FAQ: Why does Looker create dimensions for my numeric columns?

bestpractice
lookml

(Zev Lebowitz) #1

LookML has two primary types of field, Dimensions and Measures. In general:

  • Dimensions are “attributes” that describe a row of data. They can be any type (number, string, boolean, date), and can be used to filter, pivot, or filter data in Explore.

  • Measures are aggregations of numeric values across multiple rows, such as sums, averages, minimums, and maximums.

First time LookML developers often ask why the LookML generator creates dimensions for numeric columns in their database.

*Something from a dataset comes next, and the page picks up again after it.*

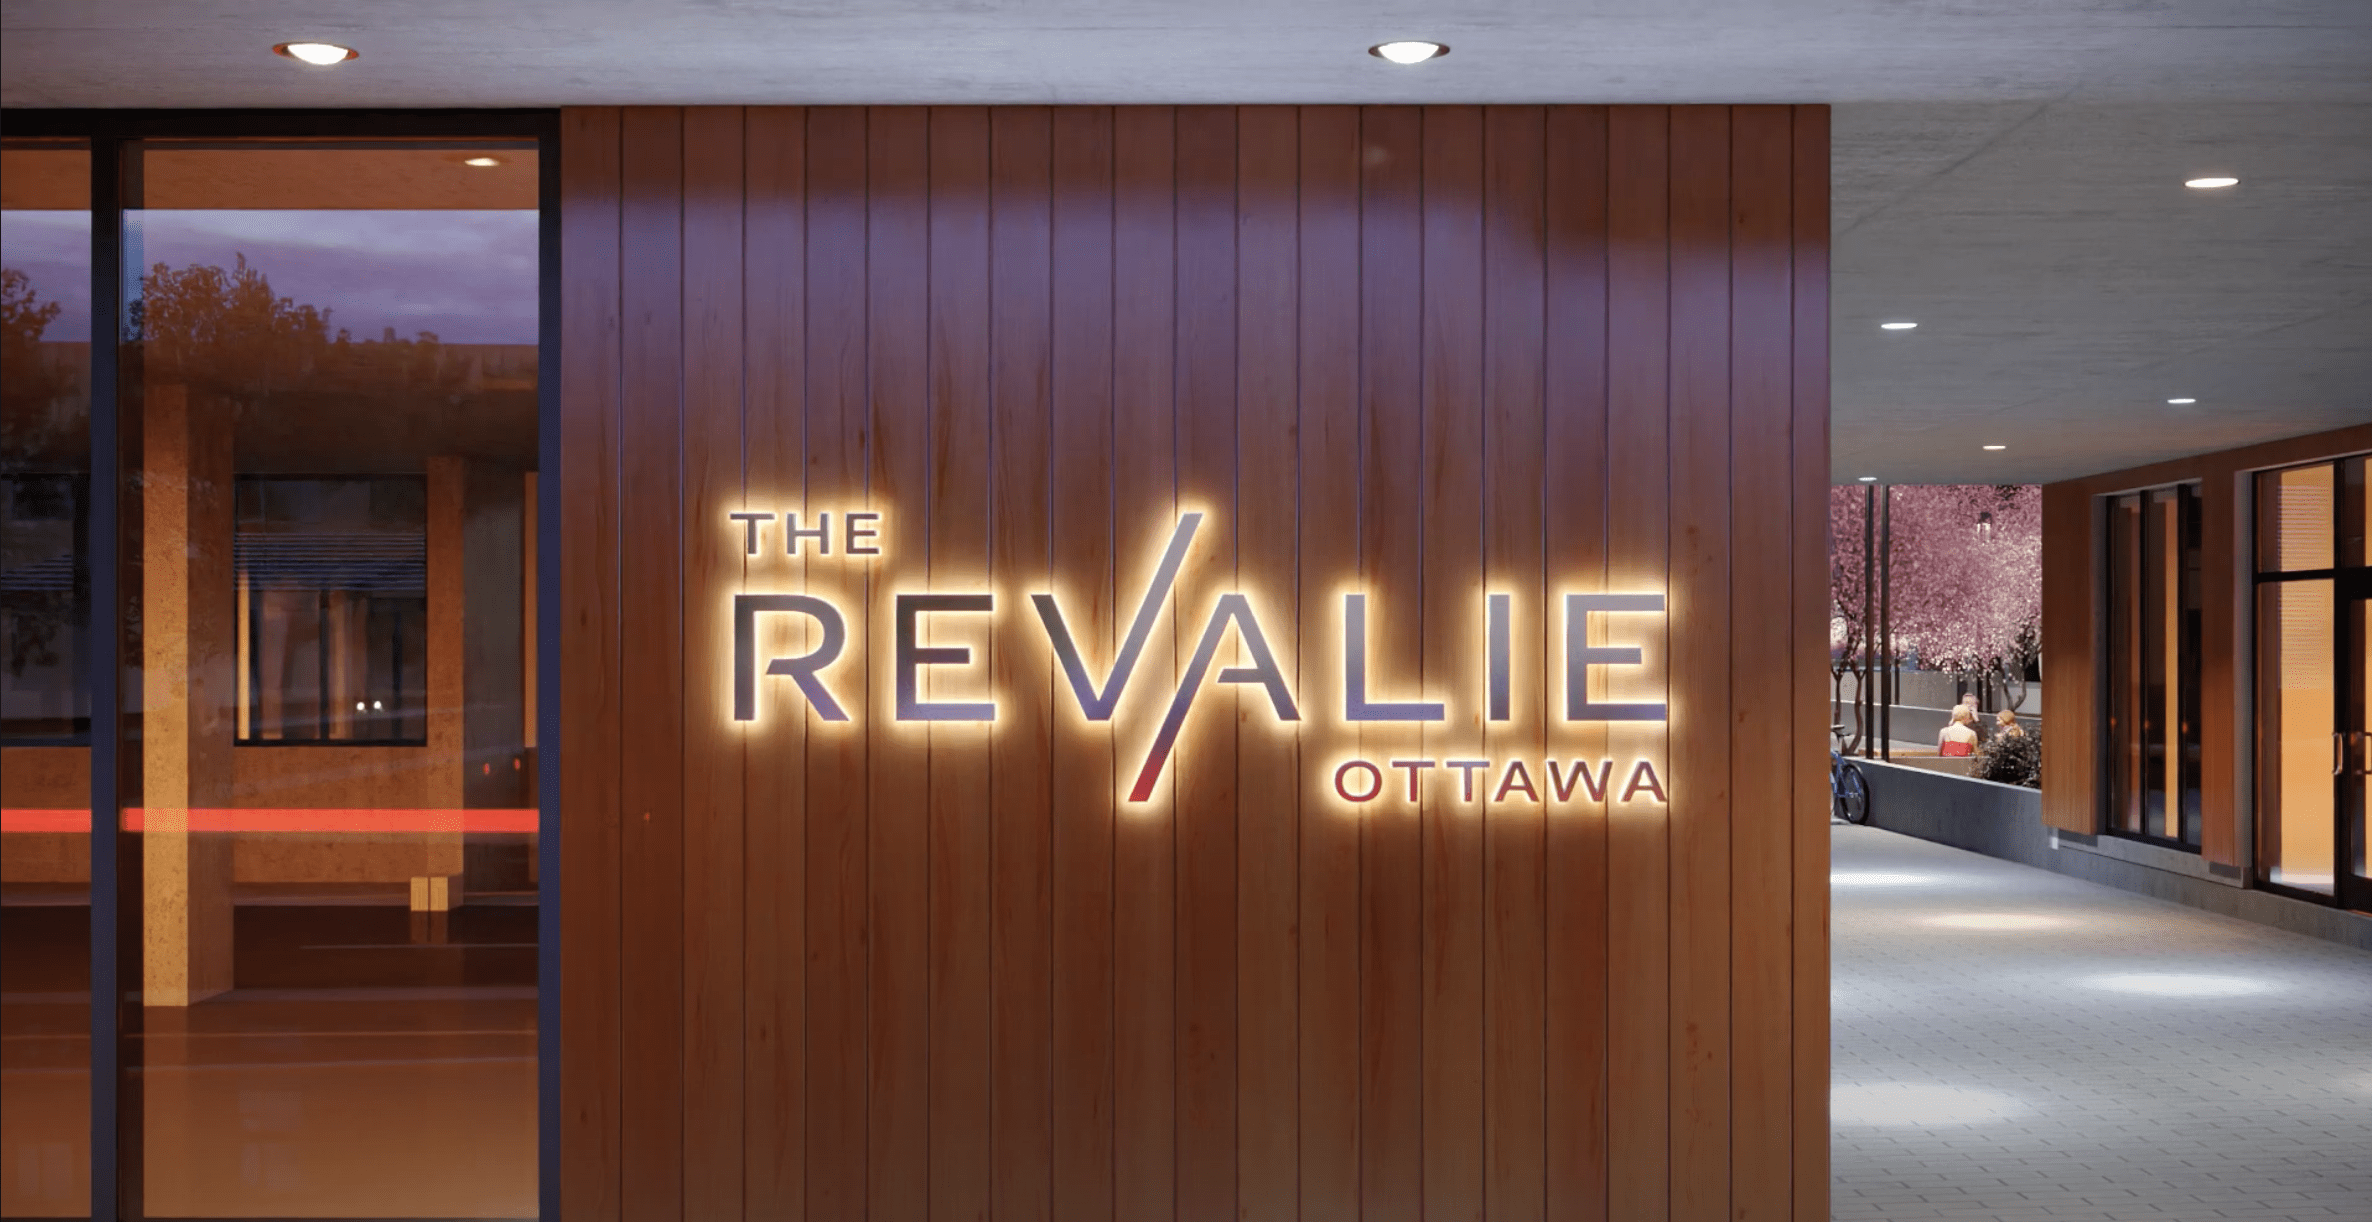 Entrance - Revalie Ottawa signage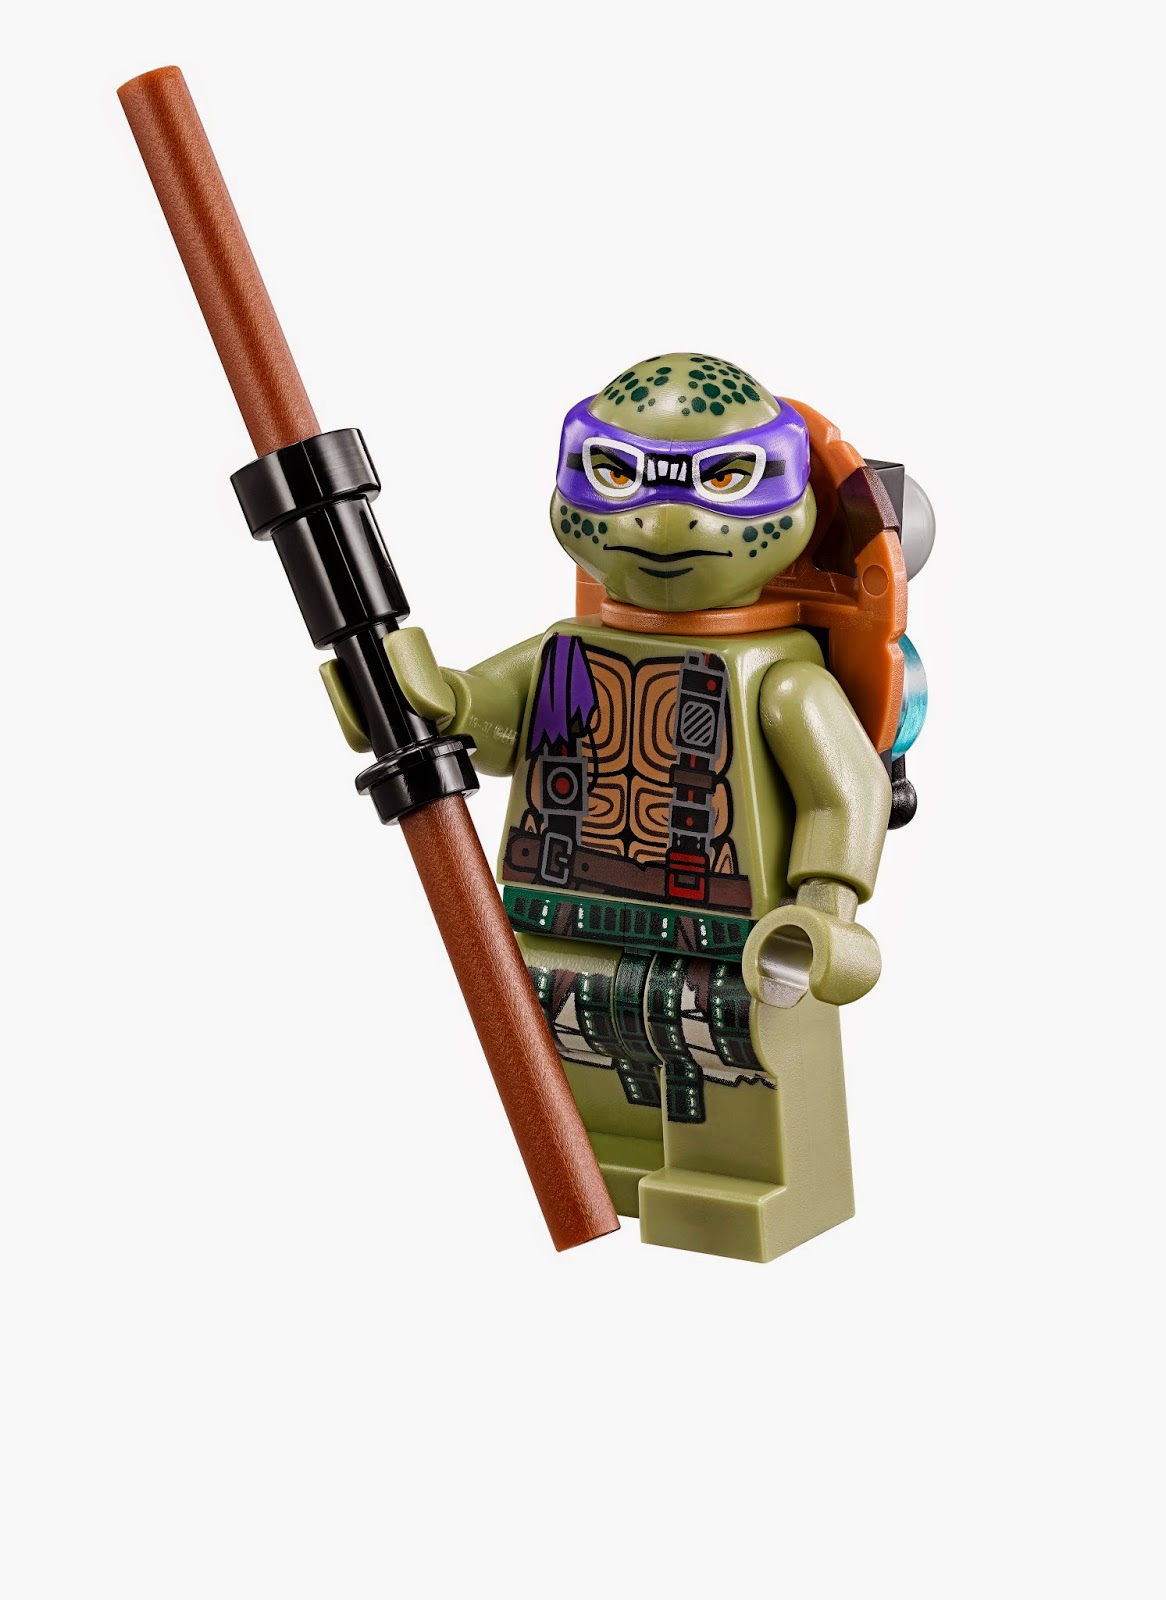 NickALive! LEGO Releases New "Teenage Mutant Ninja Turtles" Movie Sets

In general, it’s best practice to first create a dimension for each numeric column, and then build measures which aggregate those dimensions, for two reasons:

To retain a single reference back to raw columns in your database

Let’s say for example, that I sell shoes and track the cost of each shoe I sell. I certainly want to track my total sales with a SUM measure. I may also want to look at average prices, perhaps to see whether certain types of customers are more willing to buy more expensive shoes.

Old LookML
- dimension: sales_price
  type: number
  sql: ${TABLE}.sales_price

- measure: total_sales
  type: sum
  sql: ${sales_price}

- measure: average_price
  type: average
  sql: ${sales_price}
New LookML
dimension: sales_price {
  type: number
  sql: ${TABLE}.sales_price ;;
}

measure: total_sales {
  type: sum
  sql: ${sales_price} ;;
}

measure: average_price {
  type: average
  sql: ${sales_price} ;;
}

In this example, even though I have multiple measures based off of the sales_price column, my only reference to an actual column in the database is ${TABLE}.sales_price for the sales_price dimension. If we ever need to change the definition to sales price, I only have to update my model in one place.

To filter, group by, or pivot based on a numeric dimension

Numeric columns in your database may also be valuable as dimensions. Since dimensions describe single rows of data, you can use these descriptions to filter, group by, or pivot data.

It’s often helpful to create a [tiered dimensions] (https://looker.com/docs/reference/field-reference/dimension-type-reference#tier) off of a numeric dimension to bucket multiple values together into categories.

Continuing with the example above, I might want to use sales_price dimension, or a tiered version it, to:

Filter: Count how many pairs of shoes were sold for more than $100

Group By: See a histogram of sales by shoe price

Pivot: See how different shoe prices contribute to sales over time

Looker may use the terms dimensions and measures a bit differently from other tools, but retaining a single dimension for each column, or transformed column, in your views ensures consistency in your model and gives your users the flexibility to query data interactively.

If it isn’t logical to let users filter, group by, or pivot on a numeric dimension, you can always apply hidden: false to remove it from explore, but still use it elsewhere in the model.


(Levi Davis) #2

For each old LookML code block in this article and its comments, we just added the New LookML equivalent code.


(Rachel Stewart) #3

It looks like there’s some HTML issues in this FAQ. Does anyone have an example pivot like the shoe price one here? I’m trying to explain the advantages of dimensions for numeric columns to a client. Thanks!


(Izzy) #4

Just fixed that HTML, so that example should be working now. Anyone got any other examples?


(Rachel Stewart) #5

Thanks Izzy! I’m up for any more examples, but this one will work well now that it’s visible.